Среднеазиатская железная дорога — самая южная в нашей стране, — пересекая Каракумы, проходит по сыпучим подвижным барханным пескам.
Мы ехали с Борисом Ильичом в кузове крытой автомашины. У Меркулова совершенно белые волосы, красное, как будто иссеченное песчаными вихрями лицо...
Мелкий песок висел в воздухе, засасывался сквозь щели задней двери, пыль противно скрипела на зубах. За боковым окном проплывали лишенные какой-либо растительности пологие песчаные холмы.
Мы держались руками за крышки длинных ларей-сидений, устроенных вдоль бортов кузова, и крышки эти поднимались вместе с нами на каждом ухабе, грозя оторваться или, по крайней мере, хорошенько прищемить нам руки.
— Наш враг и враг злейший — это песок, — говорил Борис Ильич срывающимся от тряски голосом.— Песчаные заносы постоянно угрожают многим участкам железной дороги.
Меркулов вспомнил, что постройка железной дороги через пустыни Каракумы и Кызылкум считалась раньше безумием — ведь при малейшем дуновении ветра путь сразу засыпали пески.

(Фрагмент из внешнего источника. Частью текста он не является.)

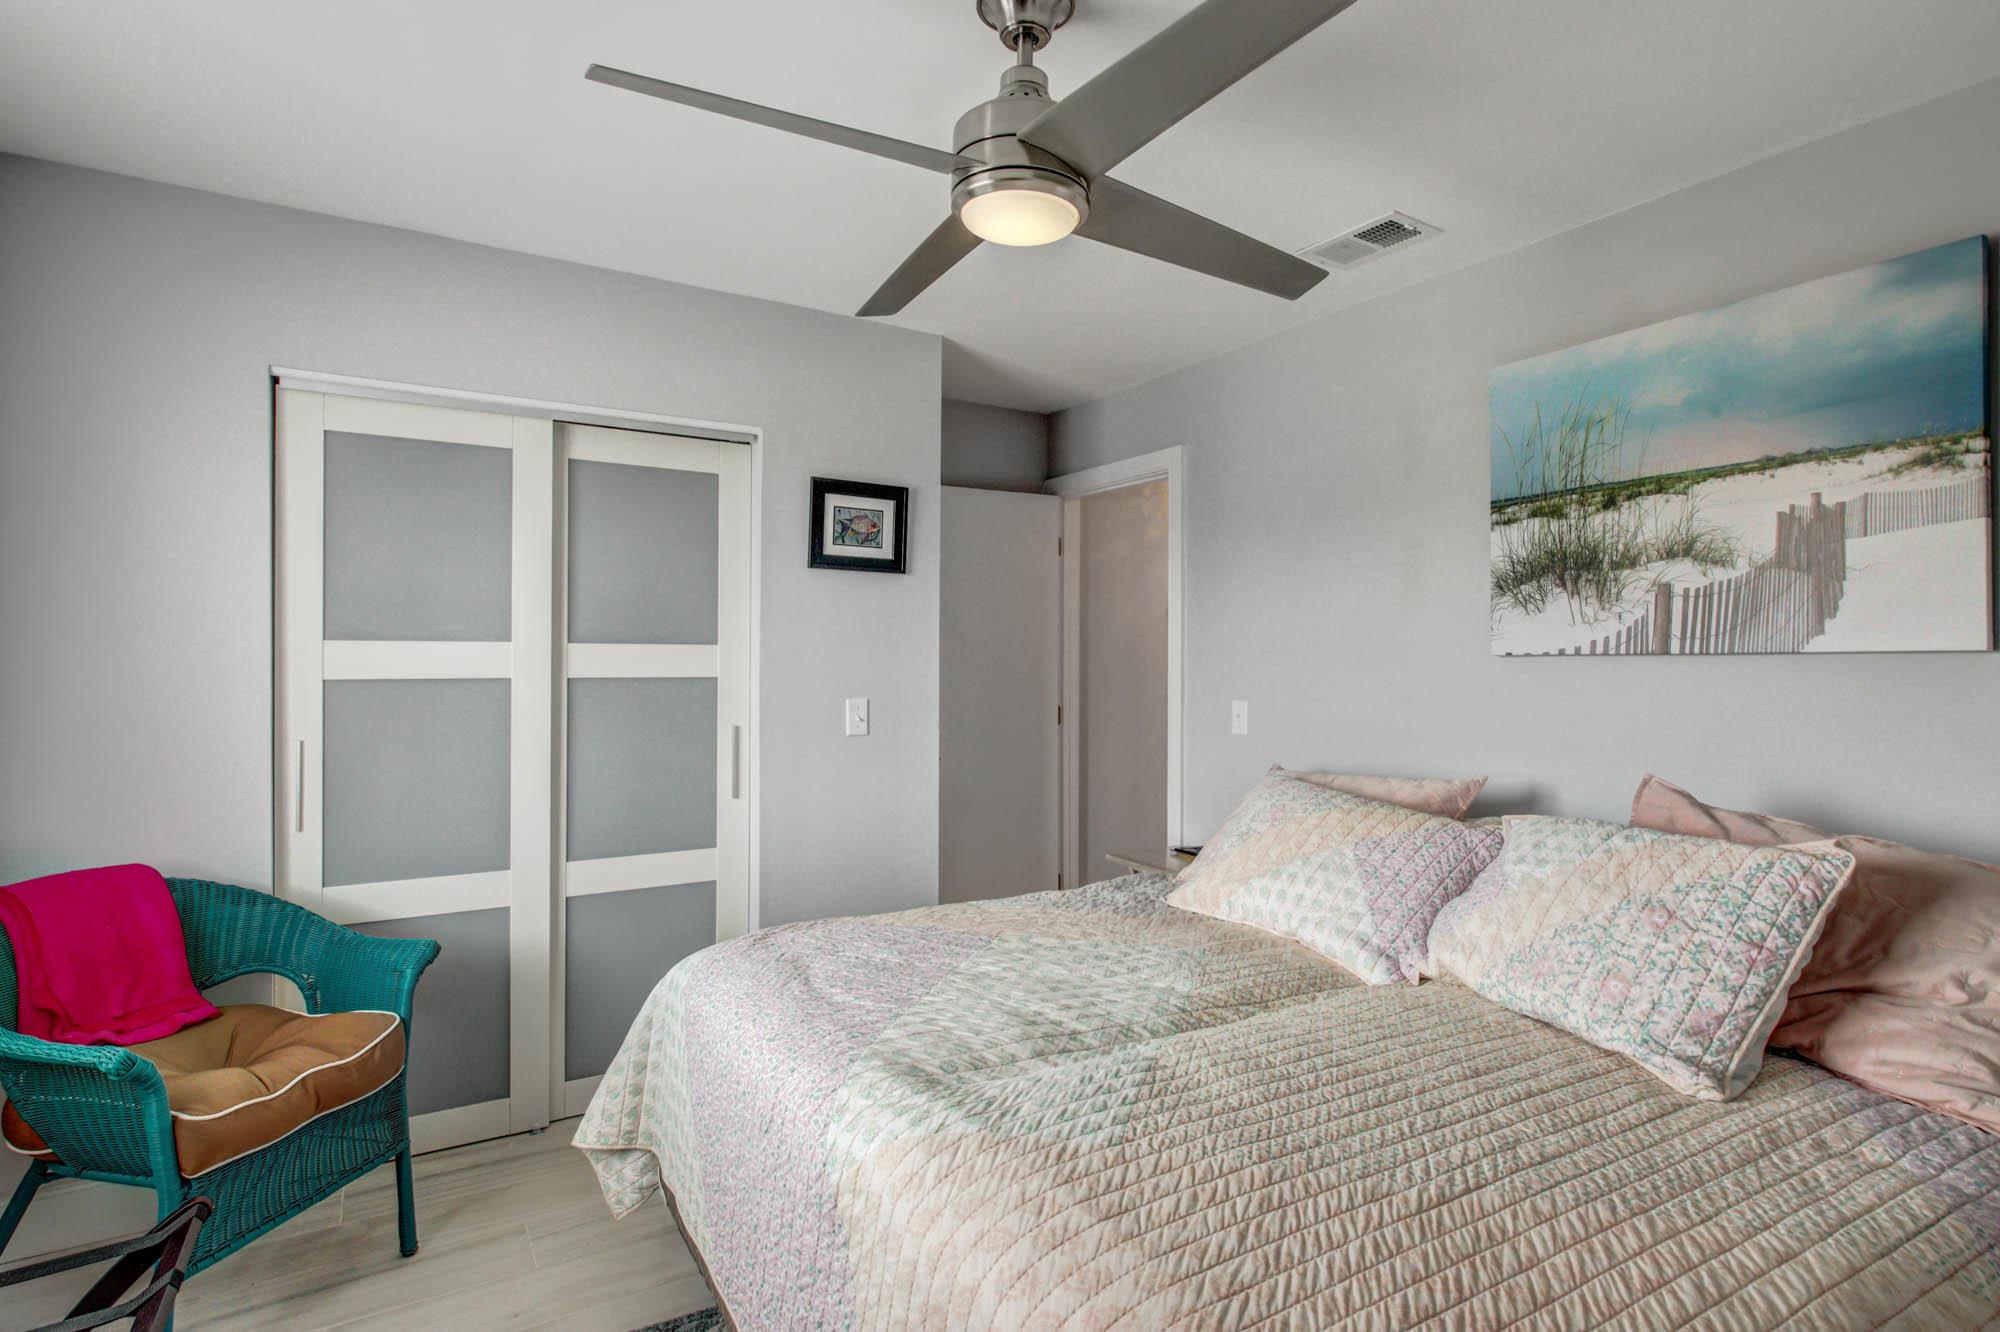 75 Mariners Cay Drive UNIT #75 Folly Beach, SC 29439

Первые шаги в изучении сыпучих песков и закреплении их кустарниками-песколюбами были сделаны почти сто лет назад. Правда, широкого распространения опыты не получили. В 1888 году ученый-лесовод В. А. Палецкий все же заложил здесь первый песчаный лесопитомник площадью полгектара.
Меркулов смущенно называл эту цифру — теперь Фарабский лесопитомник разросся до ста с лишним гектаров. Да еще в Эне-Кулиевском питомнике — сорок гектаров, в Зергерском — столько же.
Протяженность пескозаносимых участков на всех наших железных дорогах составляет около трех тысяч километров, из них 850 падает на Фарабскую дистанцию. Меркулов говорил об этом с нескрываемой гордостью — вот сколько приходится защищать его лесоводам!
— Что же растет здесь у вас без воды и, можно сказать, без земли? — поинтересовался я.
— Кандым, саксаул, черкез, — энергично перечислял Меркулов.